From: Paolo Bonzini <pbonzini@redhat.com>
To: Kevin Wolf <kwolf@redhat.com>
Cc: jcody@redhat.com, qemu-devel@nongnu.org
Subject: Re: [Qemu-devel] [PATCH v2 26/45] mirror: introduce mirror job
Date: Tue, 16 Oct 2012 08:36:57 +0200 [thread overview]
Message-ID: <507D0089.8000104@redhat.com> (raw)
In-Reply-To: <507C4065.2010508@redhat.com>
Il 15/10/2012 18:57, Kevin Wolf ha scritto:
> Am 26.09.2012 17:56, schrieb Paolo Bonzini:
>> This patch adds the implementation of a new job that mirrors a disk to
>> a new image while letting the guest continue using the old image.
>> The target is treated as a "black box" and data is copied from the
>> source to the target in the background. This can be used for several
>> purposes, including storage migration, continuous replication, and
>> observation of the guest I/O in an external program. It is also a
>> first step in replacing the inefficient block migration code that is
>> part of QEMU.
>>
>> The job is possibly never-ending, but it is logically structured into
>> two phases: 1) copy all data as fast as possible until the target
>> first gets in sync with the source; 2) keep target in sync and
>> ensure that reopening to the target gets a correct (full) copy
>> of the source data.
>>
>> The second phase is indicated by the progress in "info block-jobs"
>> reporting the current offset to be equal to the length of the file.
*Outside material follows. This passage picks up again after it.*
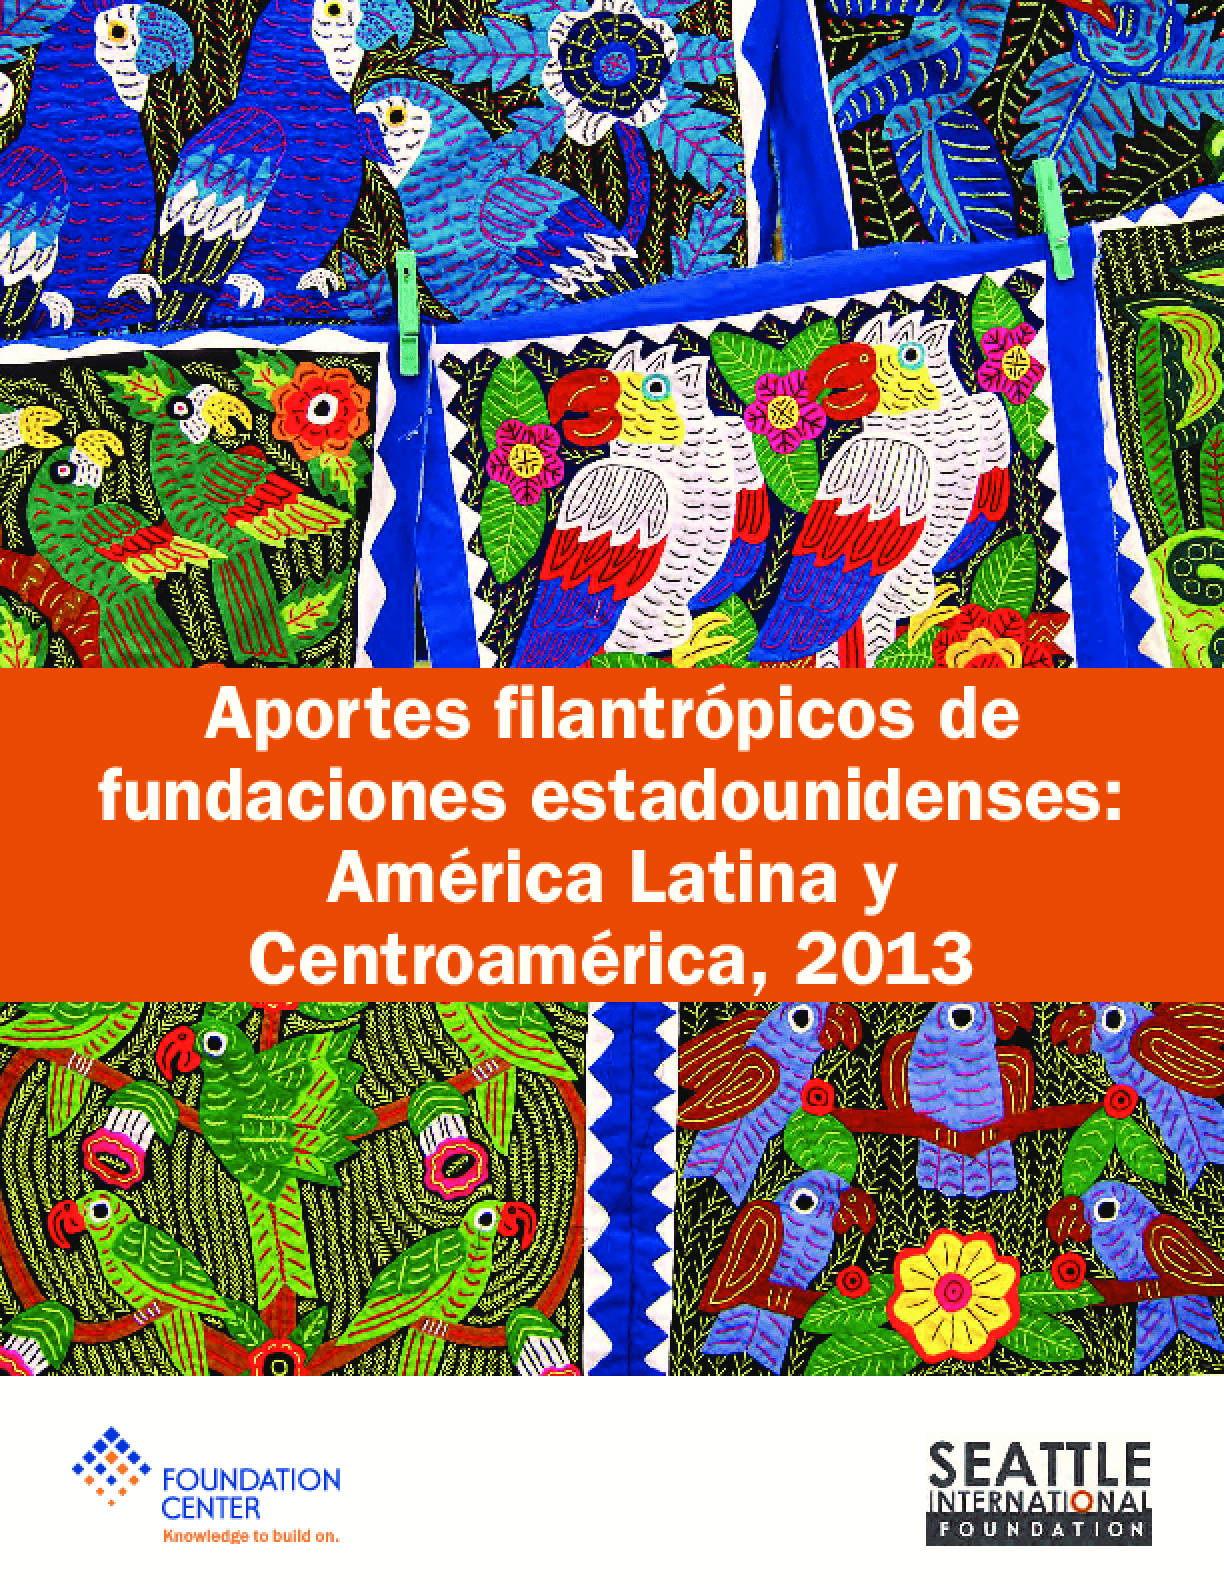 Aportes filantrópicos de fundaciones estadounidenses: América Latina y Centroamérica,2013

>> When the job is cancelled in the second phase, QEMU will run the
>> job until the source is clean and quiescent, then it will report
>> successful completion of the job.
>>
>> In other words, the BLOCK_JOB_CANCELLED event means that the target
>> may _not_ be consistent with a past state of the source; the
>> BLOCK_JOB_COMPLETED event means that the target is consistent with
>> a past state of the source. (Note that it could already happen
>> that management lost the race against QEMU and got a completion
>> event instead of cancellation).
>>
>> It is not yet possible to complete the job and switch over to the target
>> disk. The next patches will fix this and add many refinements to the
>> basic idea introduced here. These include improved error management,
>> some tunable knobs and performance optimizations.
>>
>> Signed-off-by: Paolo Bonzini <pbonzini@redhat.com>
>> ---
>> v1->v2: Always "goto immediate_exit" and similar code cleanups.
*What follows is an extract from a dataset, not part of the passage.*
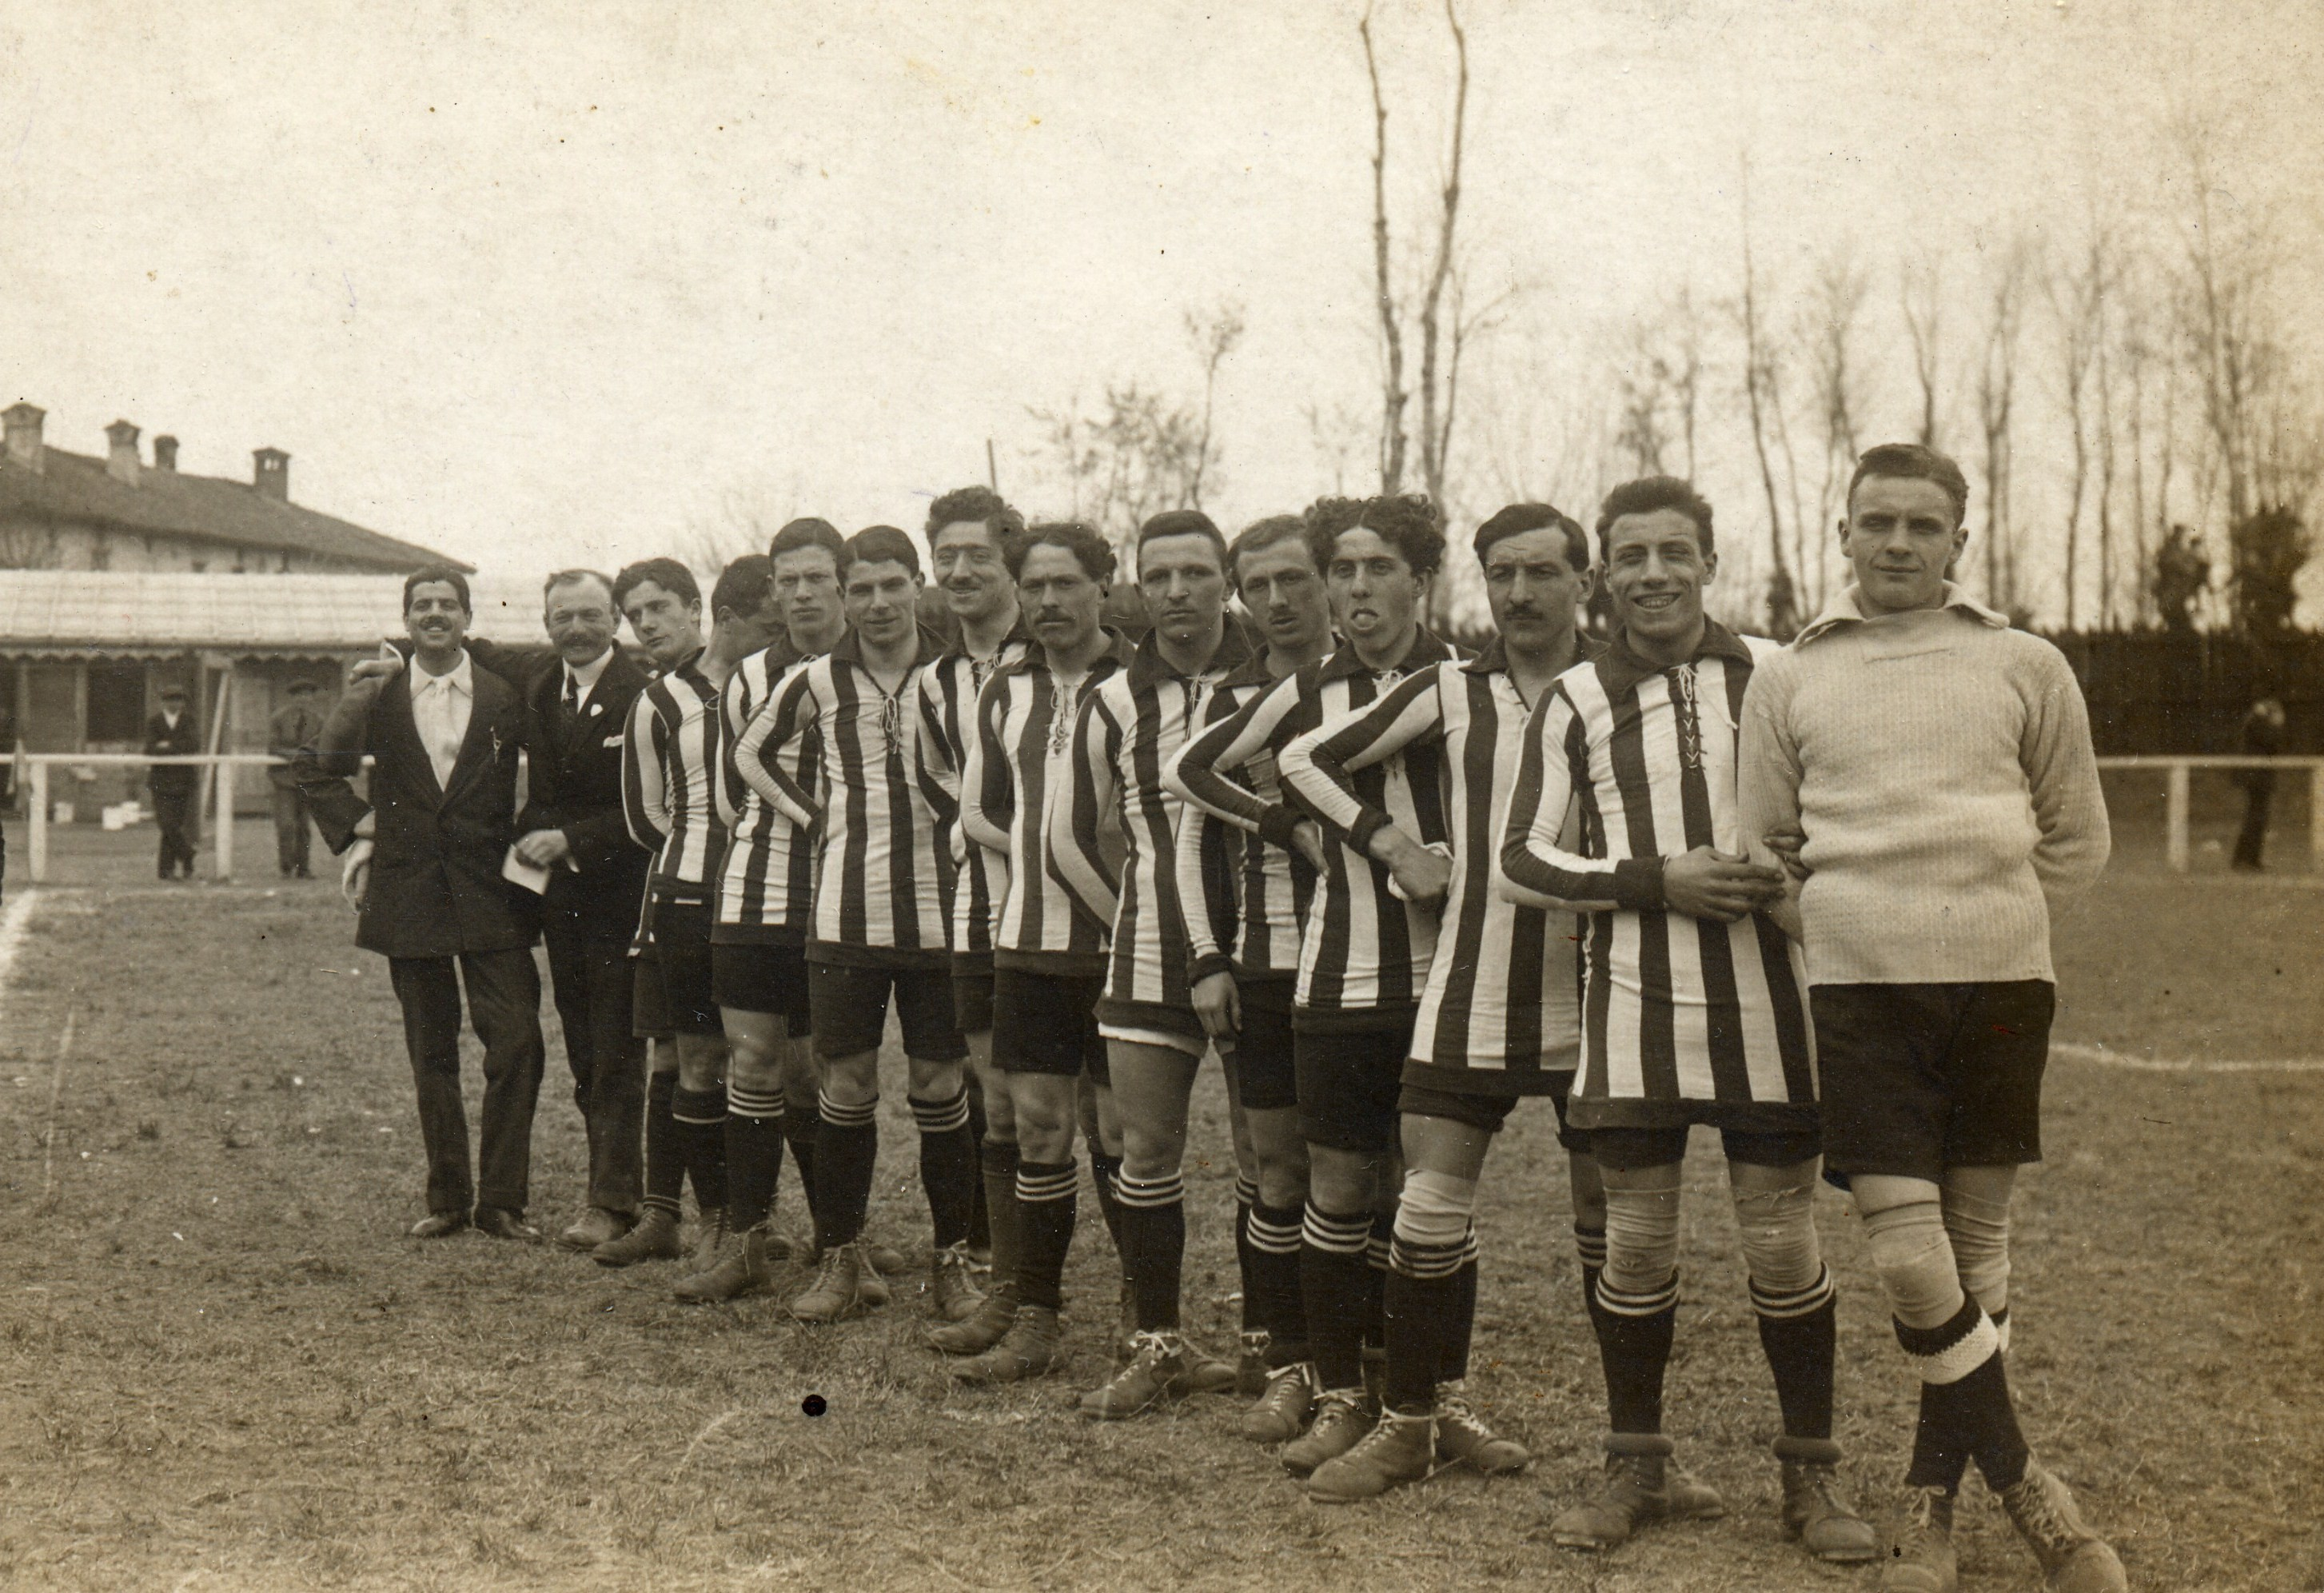 File:Atalanta 1913-14.jpg - Wikipedia

>> Error checking for bdrv_flush. Call bdrv_set_enable_write_cache
>> on the target to make it always writeback.
>>
>> block/Makefile.objs | 2 +-
>> block/mirror.c | 234 ++++++++++++++++++++++++++++++++++++++++++++++++++++
>> block_int.h | 20 +++++
>> qapi-schema.json | 17 ++++
>> trace-events | 7 ++
>> 5 file modificati, 279 inserzioni(+). 1 rimozione(-)
>> create mode 100644 block/mirror.c
>>
>> diff --git a/block/Makefile.objs b/block/Makefile.objs
>> index c45affc..f1a394a 100644
>> --- a/block/Makefile.objs
>> +++ b/block/Makefile.objs
>> @@ -9,4 +9,4 @@ block-obj-$(CONFIG_LIBISCSI) += iscsi.o
>> block-obj-$(CONFIG_CURL) += curl.o
>> block-obj-$(CONFIG_RBD) += rbd.o
>>
>> -common-obj-y += stream.o
>> +common-obj-y += stream.o mirror.o
>> diff --git a/block/mirror.c b/block/mirror.c
>> new file mode 100644
>> index 0000000..09ea020
>> --- /dev/null
>> +++ b/block/mirror.c
>> @@ -0,0 +1,234 @@
>> +/*
>> + * Image mirroring
>> + *
>> + * Copyright Red Hat, Inc. 2012
>> + *
>> + * Authors:
>> + * Paolo Bonzini <pbonzini@redhat.com>
>> + *
>> + * This work is licensed under the terms of the GNU LGPL, version 2 or later.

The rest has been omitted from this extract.